# 24Online client automatically opens a homepage



## nix (Aug 27, 2005)

as you know already...whenever i connect to internet thru the 24Online client [elitecore], i get a message saying-You are now logged in.
and then immediately a new IE window opens automatically with softwarepatch homepage. this is so annoying as I don't use IE. Is ther anyway to stop that IE window open automatically??


----------



## expertno.1 (Aug 27, 2005)

post a hijackthis log here


----------



## QwertyManiac (Aug 27, 2005)

use a firewall like zone 6 and block it
also, is that spyware or u dont like IE...
if u dont like it then jus uninstall it via components...


----------



## theraven (Aug 29, 2005)

u cant block it
u cant do anythign abt it
the setting is from the server side of ur ISP
trust me i know . i TRIED

expert and QM ... dont talk when u have no clue .. it has nuthin to do with adware / spyware


----------



## club_pranay (Aug 29, 2005)

same problem with sify.... i have a download package... it's so irritating!!


----------



## theraven (Aug 29, 2005)

what package ?
what problem ?
does sify also use 24 online ?


----------



## Choto Cheeta (Aug 29, 2005)

not only that... i mean not only with elitcore... Reliance CDMA R connect/TATA Indicom CDMA dialer also does the same... it just brings a IE windows open... but with those dialer if one can dial with windows dialer... then it doesnt happens... so those software installes some thing which does this act...


----------



## Ringwraith (Aug 30, 2005)

mine opens up in a firefox page  ..not as bad as IE but as raven said..cannot be helped


----------



## techno_funky (Aug 30, 2005)

theraven said:
			
		

> what package ?
> what problem ?
> does sify also use 24 online ?



hehehe well almost yes 
we too have a dialer 
that opens the sify homepage 
whenever we connect 
but sify opens quite a intresting page 
its like it opens thier Sports section or the entertaintment section etc
yeps it is quite annoying 
but somehow my hands have been trained  to quickly go for the close button of IE


----------



## Choto Cheeta (Aug 30, 2005)

@techno_funky

does ur connection have data limit...

u know why i am asking that?? as who pays for that page?? as sify is opening that page without ur permission... then sify should pay for that graphics crampd page... lol.. may b u r not bother about that little data trancefar... but morally why should u pay that??


----------



## theraven (Aug 30, 2005)

like i said its ur isp
dun worry dialer has no spyware/adware
its a setting from the server side of ur ISP

as for ur issues concernin the download. . u should take it up with the ISP
although i highly doubt that they'll change the policy for u


----------



## techno_funky (Aug 30, 2005)

saurav_cheeta said:
			
		

> @techno_funky
> 
> does ur connection have data limit...
> 
> u know why i am asking that?? as who pays for that page?? as sify is opening that page without ur permission... then sify should pay for that graphics crampd page... lol.. may b u r not bother about that little data trancefar... but morally why should u pay that??

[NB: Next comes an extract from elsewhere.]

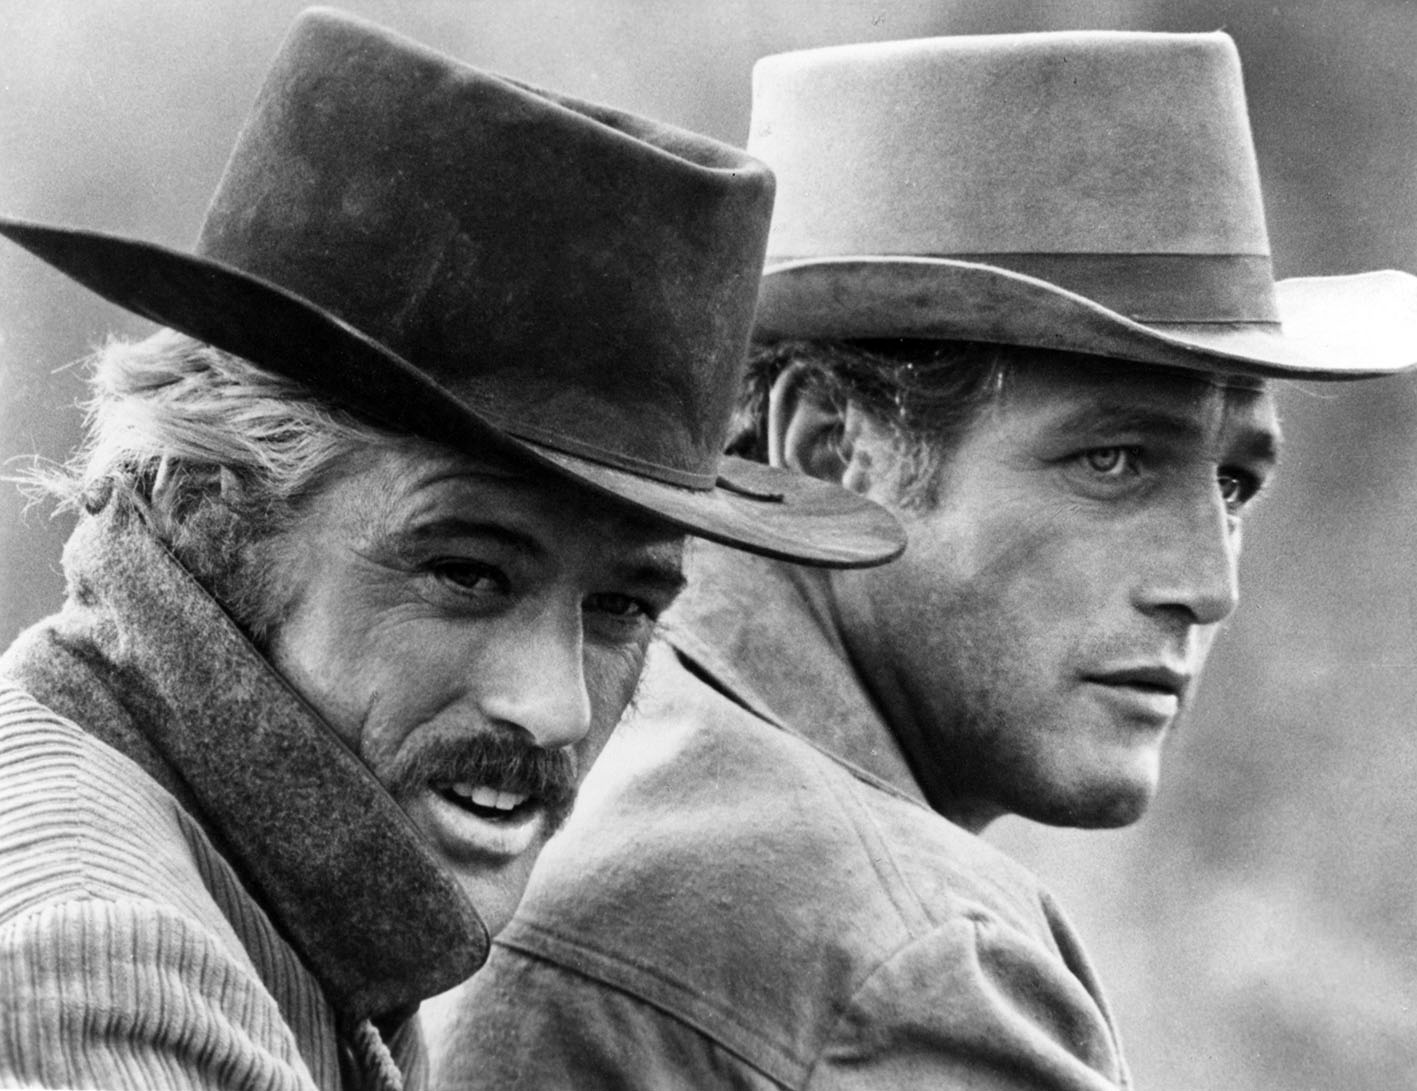 Στον ρόλο του Butch Cassidy ο ηθοποιός Paul Newman και στο ρόλο του Sundance Kid ο Robert Redford) σε μια σκηνή από την ταινία του 1969, "Butch Casssidy And The Sundance Kid".

yeps i too have a data cap 
but yeps iam not concerned about it 
cause allrite a site wont take gbs of data 
so not a problem for me


----------



## KnightRider (Aug 31, 2005)

well i also use 24online,, is it happeneing now or was it there since the very beginning... as i dont get any homepage started when i log in


----------



## theraven (Aug 31, 2005)

boss .. it is ISP dependent
if ur isp decides to display u a page .. IT WILL
why is that soo tought to understand ?


----------



## crashuniverse (Aug 31, 2005)

> does ur connection have data limit...
> 
> u know why i am asking that?? as who pays for that page?? as sify is opening that page without ur permission... then sify should pay for that graphics crampd page... lol.. may b u r not bother about that little data trancefar... but morally why should u pay that??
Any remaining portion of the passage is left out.